China’s anti-cult campaign also threatens unregistered, or underground, Christian churches. An article last year in a government newspaper warned that “underground churches and evil cults are spreading like mushrooms.” Even before this, China’s government issued a directive to “eradicate” unregistered Protestant churches over the next decade. Catholic and Protestant groups refusing to register have long faced arrests, fines and church closures. Pastor Yang Rongli has been serving a seven-and-a-half-year prison sentence since 2009 for leading the 50,000-member Linfen Church in Shaanxi Province.

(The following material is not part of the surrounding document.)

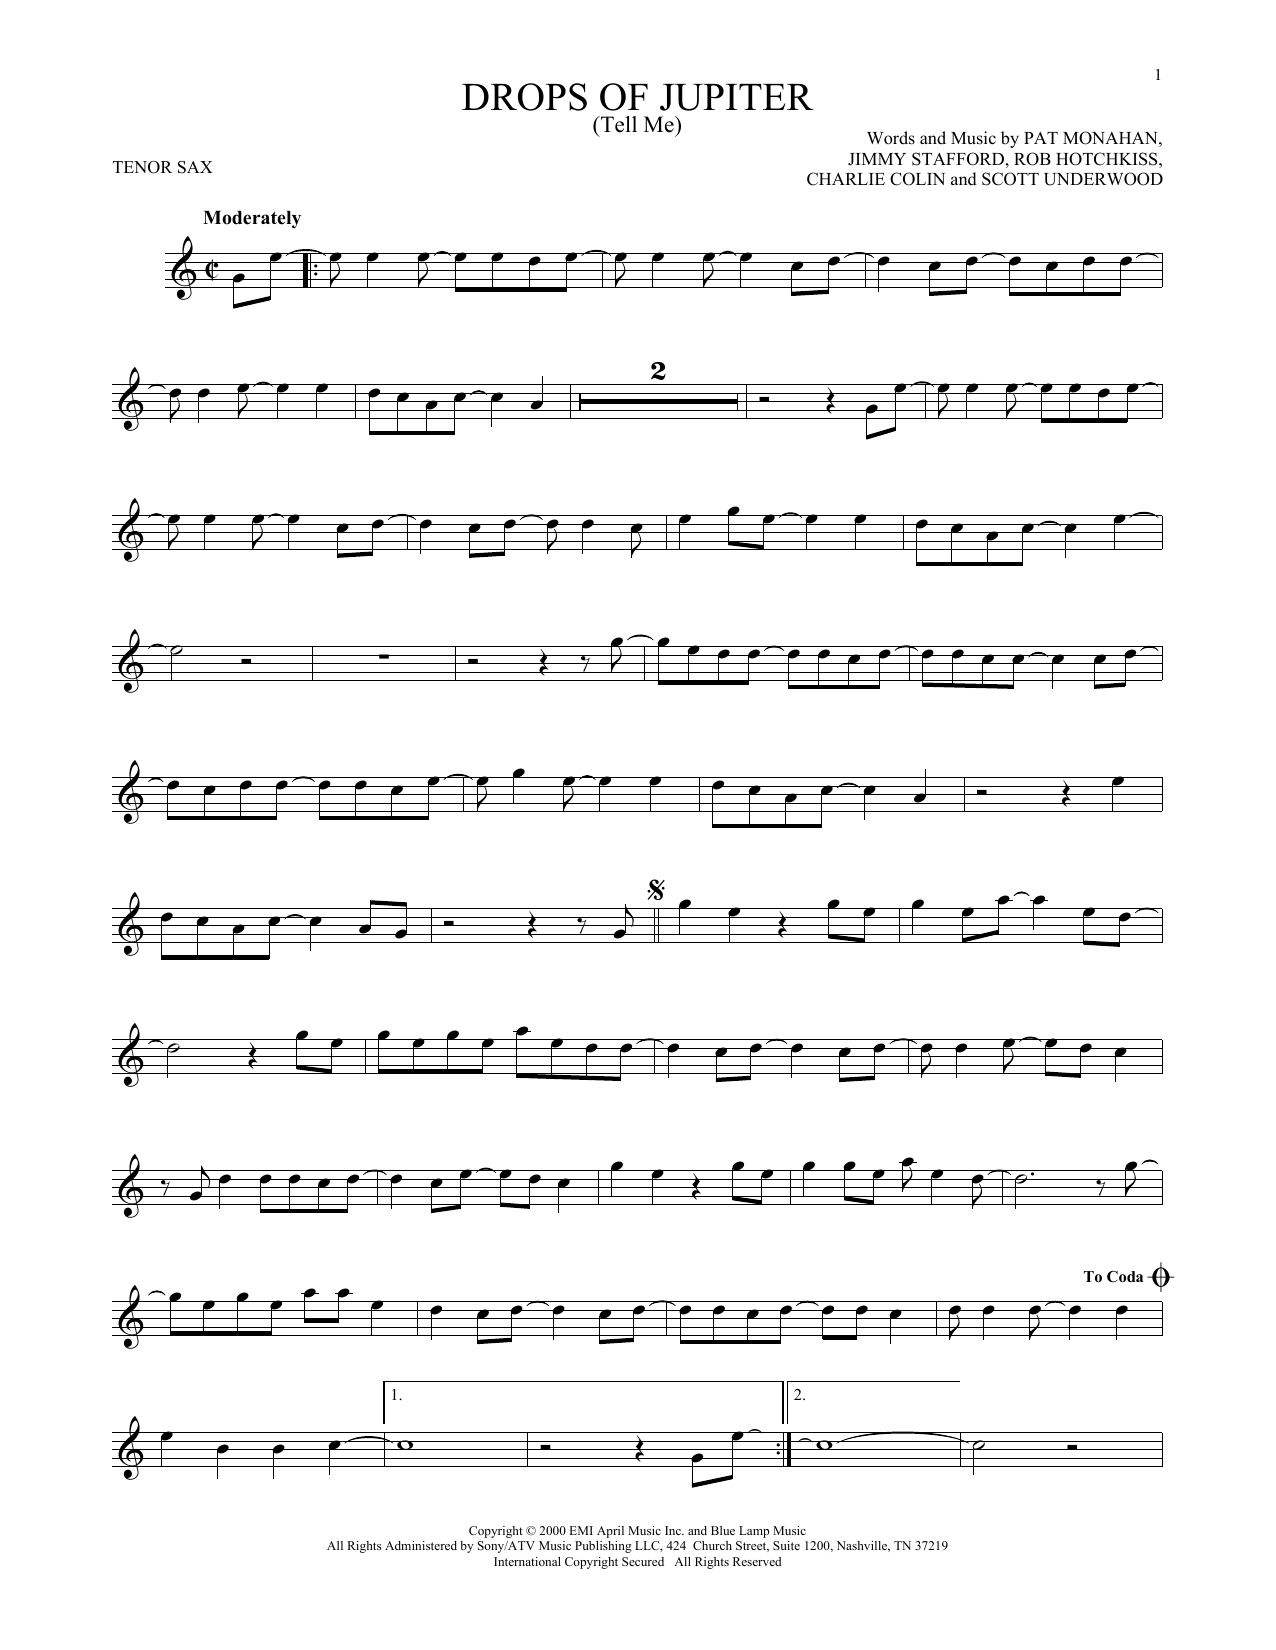 Drops Of Jupiter Chords Sheet Music Digital Files To Print Licensed Scott Underwood

Such government hostility has gone beyond alleged cults. Starting in early 2014, Chinese Christians were faced with a new threat: assaults on registered churches. In Zhejiang province, the government targeted hundreds of churches, tearing down or removing crosses and even bulldozing a number of them, including Sanjiang Church, which had thousands of members. In Henan province, Pastor Zhang Shaojie of the Nanle County Christian Church was convicted on July 4 on groundless charges of fraud and gathering a crowd to disturb public order and was handed a 12-year prison sentence.
Besides Falun Gong and Christianity, Chinese anti-cult efforts also harass movements within Buddhism. Late last year, China arrested Wu Zeheng — also known as Zen master Shi Xingwu, a renowned leader with millions of followers worldwide — along with more than a dozen of his followers in China. They were charged under China’s anti-cult law barring people from forming or using “superstitious sects or … societies … to undermine the implementation of the laws and … rules and regulations of the state.” If convicted, each could serve from seven years to life in prison.
These actions are on top of China’s continued suppression of Tibetan Buddhism, which has led to an alarming number of self-immolations. In recent years, more than 130 Buddhists, including monks and nuns, have set themselves ablaze.
Through its conduct, China is denying its people the internationally guaranteed right to believe or not believe according to conscience. Why? Perhaps its leaders fear that allegiance to organizations beyond the Chinese state threaten their control. For example, Ye Xiaowen, a former head of China’s Religious Affairs Bureau, voiced what many Chinese officials fear: that Christians’ role in bringing down communism in Eastern Europe in the late 1980s could be repeated in China.
But ironically, repression can exacerbate the extremism it aims to eradicate. Furthermore, targeting peaceful religious communities deeply undermines the legitimacy of the state in the eyes of all its citizens.
Above all else, the Chinese government seeks stability. It will find this an elusive goal as long as it continues to violate the basic rights of millions of its citizens.